Transition metal chalcogenides are increasingly recognized as promising anode materials for SIBs due to their versatile synthesis, robust structures, and high theoretical capacities.⁷ Among them, transition metal selenides (TMSes) like MnSe, CuSe, CoSe₂, and MoSe₂, have garnered significant attention for their superior electronic conductivity and smaller band gaps compared to transition metal sulfides, leading to better rate performance.^8–10 However, TMSes undergo phase transitions during (de)sodiation, involving bond breaking and crystal structure rearrangement.^11,12 This collapse and aggregation degrade cycling and rate performance, especially at high current densities.¹³ Strategies like nanostructure design and carbon modification are commonly employed to mitigate the above issues, however elaborate fabrication and unfavorable side reaction restrict their practical application.^14,15

Bimetallic selenides often exhibit superior electrochemical performance due to enhanced conductivity, enriched redox reactions, and synergistic effects between components.^16,17 For instance, Wang et al.¹⁸ have synthesized the Co₄Mo₆Se₈ nanosheet arrays grown on a carbon skeleton (CMSe/C), showing a reversible capacity of 474 mAh g⁻¹ at 2 A g⁻¹ after 2400 cycles. Although some progress has been made in enhancing the performance of these materials, achieving stable cycling behavior at elevated current densities remains a persistent challenge. Moreover, the understanding of the function for each metal unit, as well as the design paradigm for bimetallic selenides, is not yet clear.

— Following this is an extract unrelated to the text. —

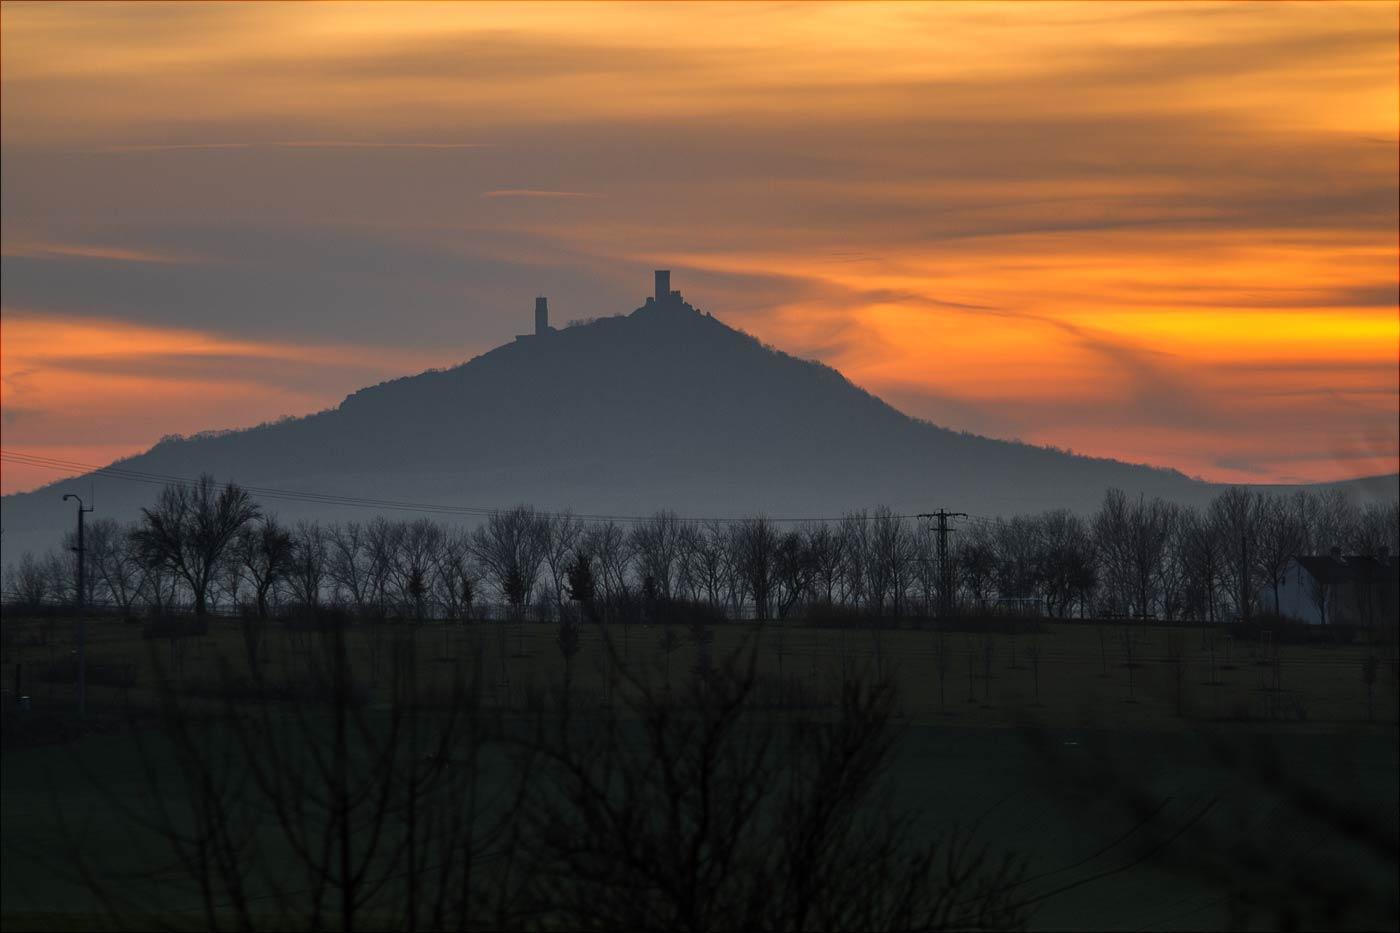 Закат над руинами старого замка, Северная Чехия

In this study, we report a novel cubic bimetallic selenide Cu₃TaSe₄ as a high-performance anode for SIBs, synthesized via a simple solid-state reaction. By integrating Ta–Se motifs into copper selenide as anti-aggregation units to form a cubic grid structure, the aggregation of copper atoms during conversion reaction can be suppressed by immobile tantalum atoms with large atomic mass, effectively alleviating the volume expansion and electrode failure issues during cycling. Furthermore, the synergy between Cu and Ta bimetals significantly enriches the electronic reaction process, leading to superior electrochemical performance. The Cu₃TaSe₄ anode exhibits outstanding performance, achieving a high specific capacity of 305 mAh g⁻¹ at 1 C, superior rate capability with 286 mAh g⁻¹ at 50 C, and exceptional cycling stability with 94% capacity retention after 3500 cycles at 20 C (Table S1, ESI†). The anti-aggregation-motif design strategy introduced in this study is anticipated to inspire the development of anode materials with high-rate capabilities and stable cycling for SIBs.

The schematic representation of the cubic grid Cu₃TaSe₄ structure is depicted in Fig. 1a, illustrating the assembly of Cu–Se and Ta–Se motifs. Tantalum and copper, each coordinated by four equivalent selenium atoms, form TaSe₄ and CuSe₄ tetrahedra, respectively. The Ta–Se and Cu–Se bonds in these structures are uniformly 2.4 Å in length. The X-ray diffraction (XRD) pattern of the synthesized sample (Fig. 1b) matches well with the standard values of cubic Cu₃TaSe₄ (JCPDS 00-059-0158), exhibiting a P43̄m structure and lattice constants of a = b = c = 5.67 Å. The refinement reliability factors are R_p = 5.11%, R_wp = 7.05%, and Chi² = 7.21. The primary characteristic diffraction peaks are observed at 15.62°, 27.23°, 35.39°, and 45.22°, corresponding to the (100), (111), (120), and (202) crystal planes, respectively.

Fig. 1 (a) Schematic diagram of the Cu₃TaSe₄ structure. (b) Rietveld refined XRD pattern of Cu₃TaSe₄. (c) SEM, (d) EDS mapping, (e) HRTEM, and (f) SEAD pattern images of Cu₃TaSe₄.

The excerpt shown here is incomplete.